The kernel_size must be an odd integer. What I’ve seen most is 3×3 for small images (less than 128 pixels in size) or 5×5 and 7×7 for larger images.
I left striding at 1, but you may increase it if you need to reduce the output dimensions of the convolution.
I set padding to “same” to keep the output size of the convolution equal to the input size.
I used L2 kernel regularization and drop-off because that’s what I read I should do to reduce overfitting.
#first convolution rtn.add(k.layers.Conv2D(filters = 64, kernel_size = (3,3), padding = 'same', strides=(1, 1), input_shape = (IMG_WIDTH, IMG_HEIGHT, CHANNELS), kernel_regularizer=k.regularizers.l2(0.0005), name='conv2d_1')) #second convolution rtn.add(k.layers.Conv2D(filters = 128, kernel_size = (3,3), padding = 'same', name='conv2d_2'))
I read many guides using Dropout in between convolution layers for reducing overfitting. The Dropout algorithm randomly sets some of the layer’s values to 0, in order to force the network to learn new paths for representing the same data.

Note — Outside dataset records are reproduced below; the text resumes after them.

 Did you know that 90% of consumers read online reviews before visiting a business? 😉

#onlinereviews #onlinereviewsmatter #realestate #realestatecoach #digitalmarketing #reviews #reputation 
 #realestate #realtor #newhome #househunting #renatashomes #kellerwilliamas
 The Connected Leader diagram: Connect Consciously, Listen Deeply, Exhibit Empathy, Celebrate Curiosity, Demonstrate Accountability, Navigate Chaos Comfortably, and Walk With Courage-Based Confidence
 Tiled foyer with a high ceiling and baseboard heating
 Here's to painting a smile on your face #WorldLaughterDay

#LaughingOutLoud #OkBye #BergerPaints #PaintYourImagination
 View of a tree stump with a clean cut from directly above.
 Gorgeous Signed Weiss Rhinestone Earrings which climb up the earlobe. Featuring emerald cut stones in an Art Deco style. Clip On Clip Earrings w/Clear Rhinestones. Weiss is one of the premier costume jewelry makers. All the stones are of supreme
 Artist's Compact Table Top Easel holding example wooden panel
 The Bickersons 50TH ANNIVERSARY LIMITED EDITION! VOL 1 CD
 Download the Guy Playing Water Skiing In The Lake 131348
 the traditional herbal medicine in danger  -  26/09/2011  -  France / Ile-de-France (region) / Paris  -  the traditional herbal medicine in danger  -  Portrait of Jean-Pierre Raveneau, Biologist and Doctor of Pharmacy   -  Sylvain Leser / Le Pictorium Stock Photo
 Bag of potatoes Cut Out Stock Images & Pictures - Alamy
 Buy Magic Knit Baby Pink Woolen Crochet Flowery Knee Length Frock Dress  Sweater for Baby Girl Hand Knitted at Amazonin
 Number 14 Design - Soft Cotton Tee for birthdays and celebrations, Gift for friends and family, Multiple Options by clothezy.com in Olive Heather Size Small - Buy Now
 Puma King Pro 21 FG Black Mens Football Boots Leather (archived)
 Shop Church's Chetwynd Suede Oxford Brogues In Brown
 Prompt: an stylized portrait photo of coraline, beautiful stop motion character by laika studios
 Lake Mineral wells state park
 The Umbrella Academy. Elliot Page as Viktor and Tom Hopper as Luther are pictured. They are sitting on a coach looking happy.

I read that Dropout is most effective as a regularization method in the fully connected portion of the NN. For the convolution, two methods are available, Spatial Dropout and Batch Normalization. From the Keras documentation, we can learn that Spatial Dropout seems to be the dropout method to use between convolution layers:
“If adjacent pixels within feature maps are strongly correlated (as is normally the case in early convolution layers) then regular dropout will not regularize the activations and will otherwise just result in an effective learning rate decrease”
For the activations, I used Rectified Linear Unit. ReLU is ideal for enhancing the transitions between pixels (edges, changes in colors). I also used Leaky ReLU (paper) to avoid the dying ReLU problem. In case you need to do some kind of visual recognition. ReLU and Leaky ReLU seem to perform better than the traditional sigmoid function used in neural networks.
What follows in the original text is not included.